The aid consists of a handheld computer and a wireless Bluetooth headset. Users will also be able to choose from a range of male and female recorded voices and regional dialects. Voices in the bank already include the Barnsley poet Ian McMillan and the Yorkshire BBC newsreader Christa Ackroyd. People who are slowly losing their speech - through Parkinson's or motor neurone disease, for instance - can record their voice before it has completely deteriorated.

Air France extends its use of Nuance speech recognition for telephone information services

Air France originally began using Nuance technology in October 2006 to provide English and French speaking customers with access to dial-up information services. The application has since been expanded to support Spanish, Italian, German and Portuguese as well.

The airline has now further expanded the service to offer customers the ability to book, purchase and change tickets or obtain refunds from an Air France agent; access real-time flight information; obtain information about Air France coach services; check on required vaccinations; and monitor luggage in the event of an incident.
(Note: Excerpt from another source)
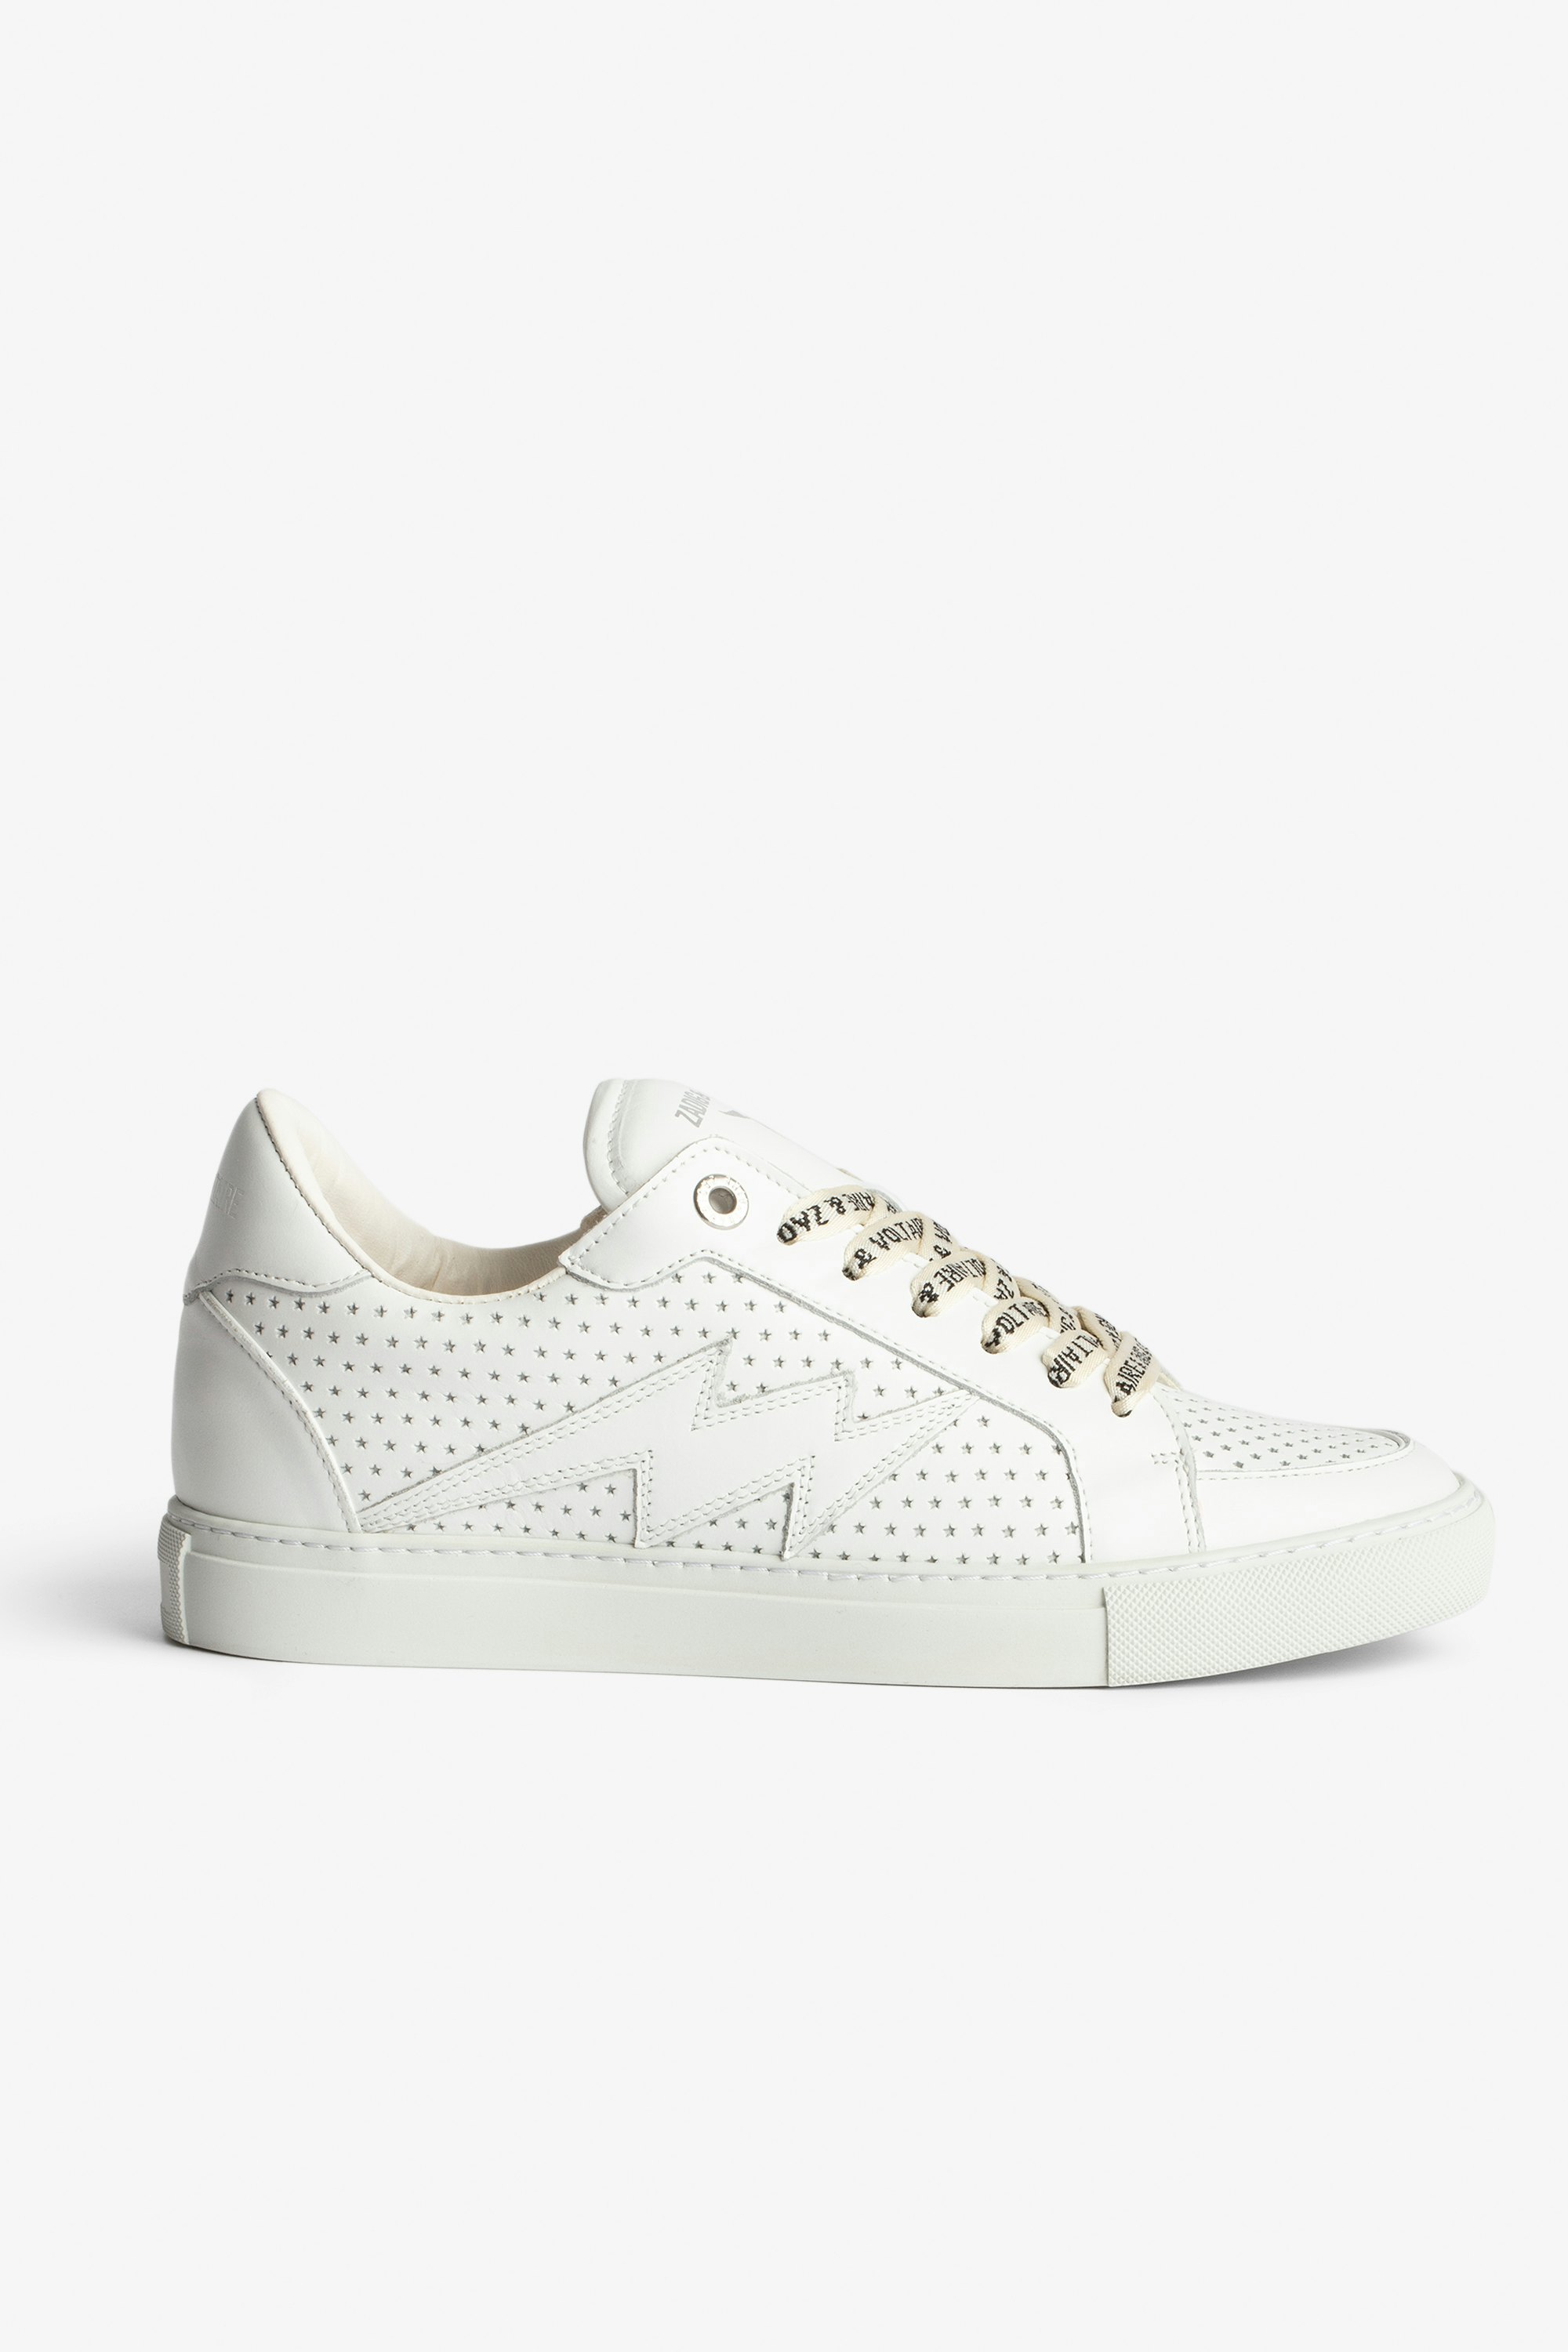 La Flash Trainers Women's low-top trainers in smooth white leather with perforated stars.

Google Voice: A push to rewire your phone service

Google Voice, the new version of the GrandCentral technology Google acquired in July 2007, has the potential to make the search giant a middleman in an important part of people's lives, telephone communications. With the service, people can pick a new phone number from Google Voice; when others call it, Google can ring all the actual phones a person uses and handle voice mail.

The old version could let people centralize telephone services, screen their calls, and listen to voice mail over the Web. But the new version offers several significant new features, though. Google now uses its speech-to-text technology to transcribe voice mail, making it possible to search for particular words. Gmail's contacts now is used to instruct Google Voice how to treat various callers. And Google Voice now can send and receive SMS text messages and set up conference calls.